Method of cultivation


We farm our groves in keeping with the seasons and the needs of the trees, and with respect for our environment.

In 2006, Castelas decided to convert to organic farming and chose the isolated grove in the lieu-dit (locale) of Romanin to take its first steps. The grove was already subject to integrated crop management, so to meet French organic standards, we needed only to find a way of preventing the olive fruit fly (Bactrocera oleae), which lays an egg inside the olive; the larva then develops in the pulp. Fly attacks impair the quality of the oil, by increasing its acidity level and peroxide value. Preventing them was a real challenge, as there was no practical solution for large-scale application.

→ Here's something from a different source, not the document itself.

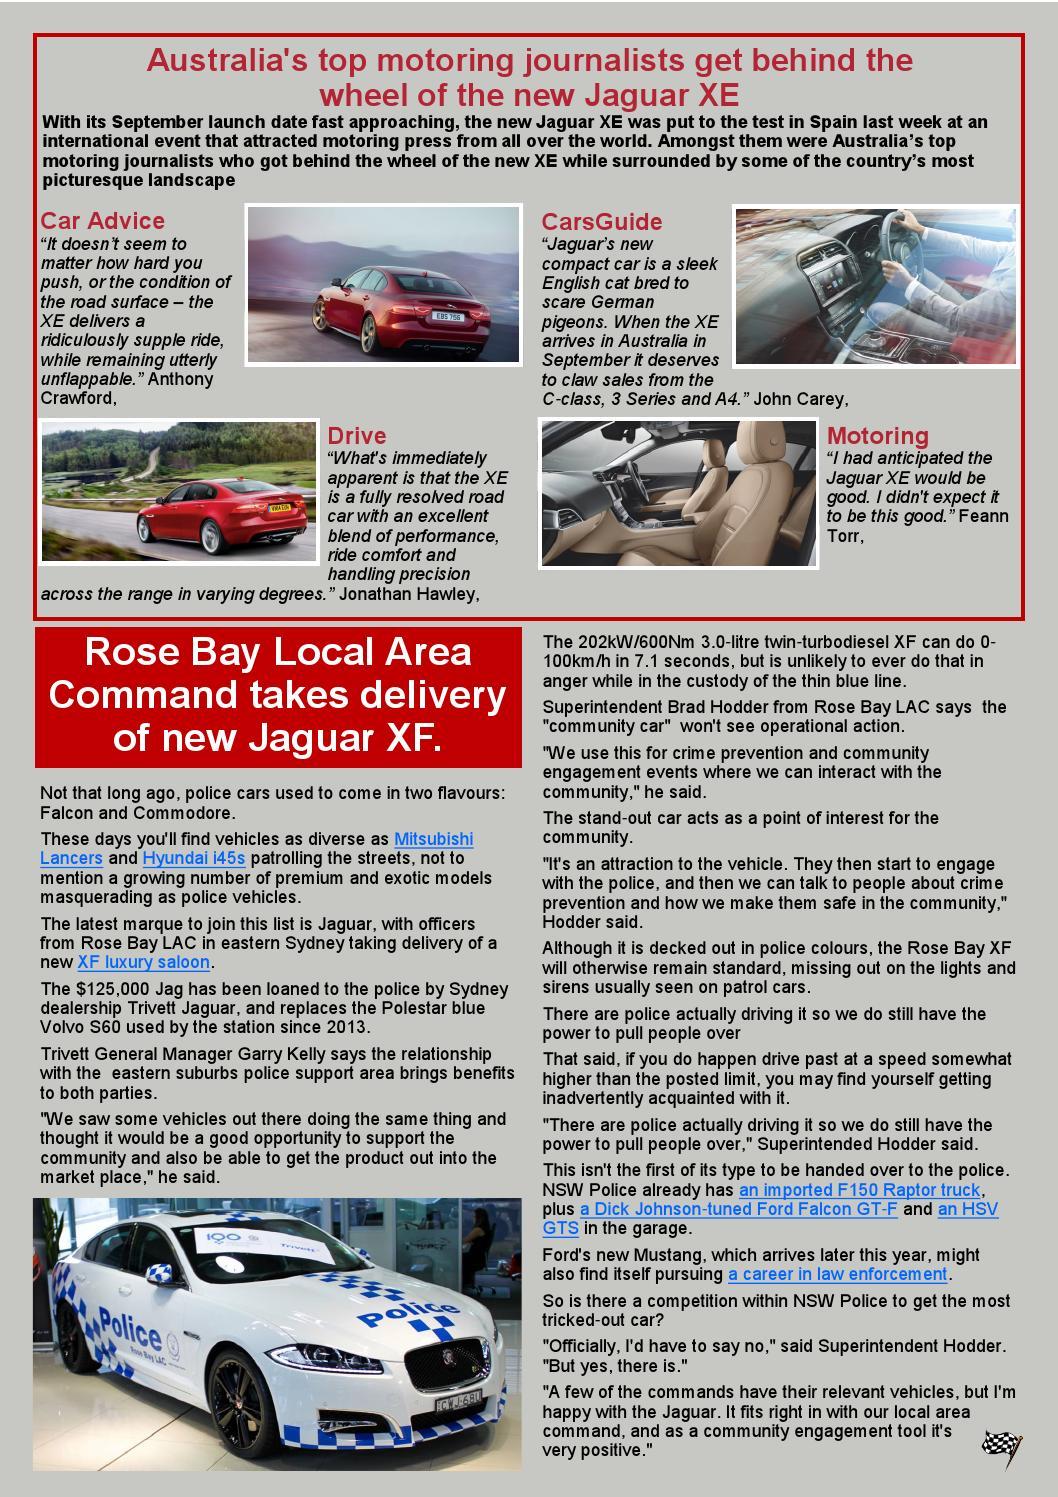 Classic marque june 2015 web by Jaguar Drivers Club of SA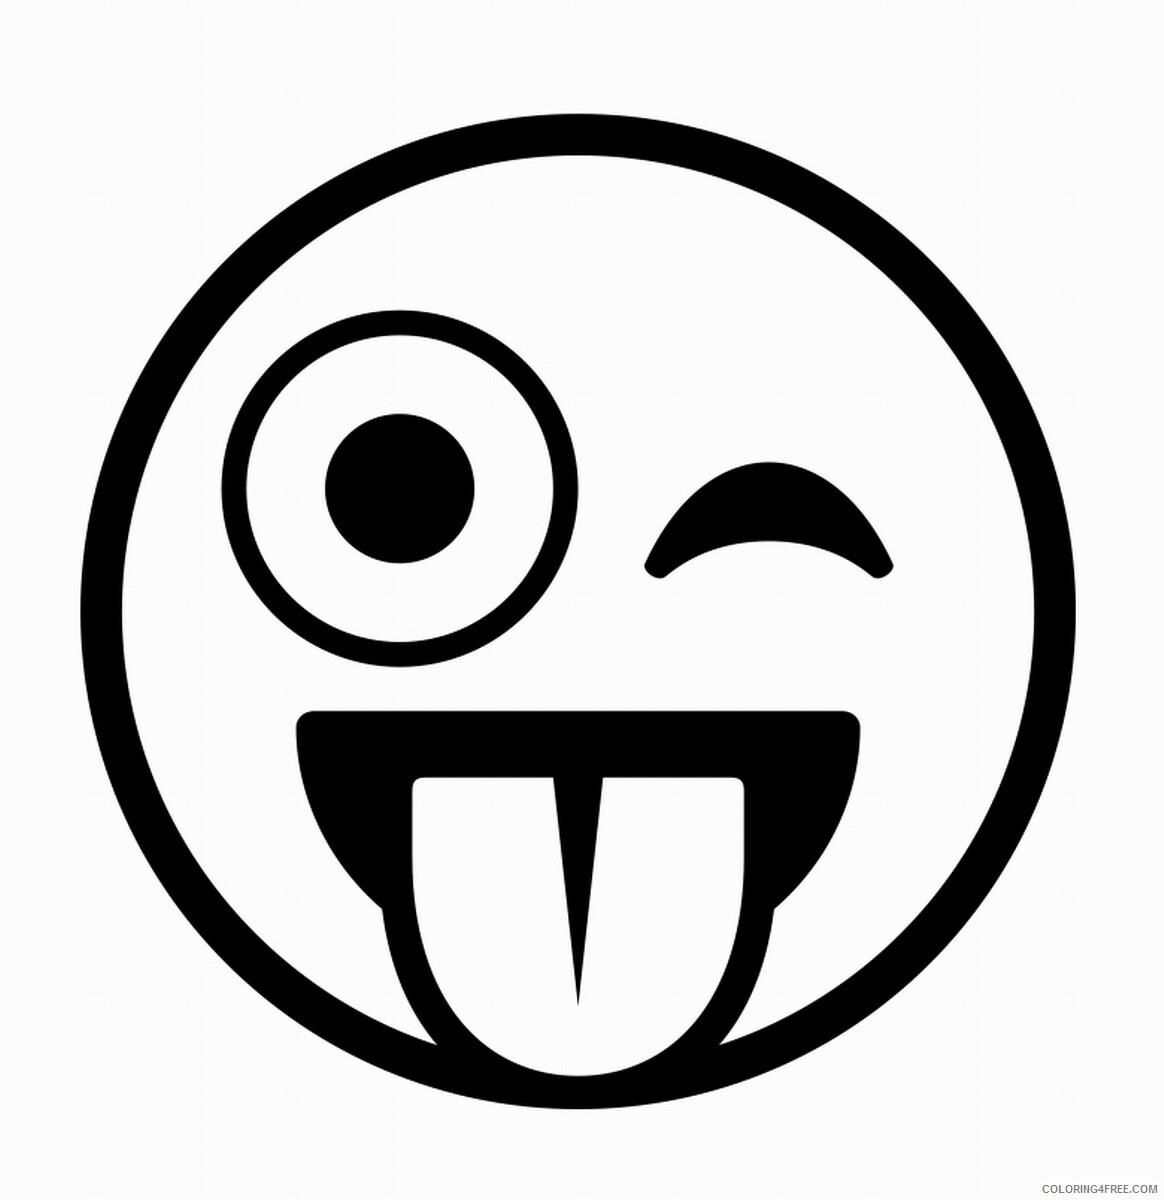 Emoji Coloring Pages emoji21 Printable 2021 2164 Coloring4free

Sheeps eating at Romanin field

The Romanin parcel in Saint Rémy de Provence was ideal for testing: a single 15-hectare plot planted with the AOP varieties and fully surrounded by natural hedges hosting auxiliary fauna. Their only neighbours were vines that had long been organically farmed.

It took great energy and tenacity to gain approval for kaolin, a natural clay. The trees are covered with a mixture of this clay and water, which disorients the olive flies. We thus manage to reduce the damage they cause. "At first, no one believed in it," recalls Jean-Benoît Hugues. Painting olive trees white? Sheer madness!


Kaolin applied on the olive tree
Spraying of kaolin
With help from the French olive industry body Afidol, kaolin is now approved and can be used throughout the summer as a barrier against fly attacks. This technique is now used in all France's olive-growing areas.

Growing olive trees organically does not greatly change the taste of the fruit. However, it encourages the farmer to think about how he cultivates them - and this yields a better-tasting product, in every sense. It takes three interim harvests before a grove is certified organic. Each year we convert further groves with the intention that, in the near future, Castelas olive oil will be 100% organic.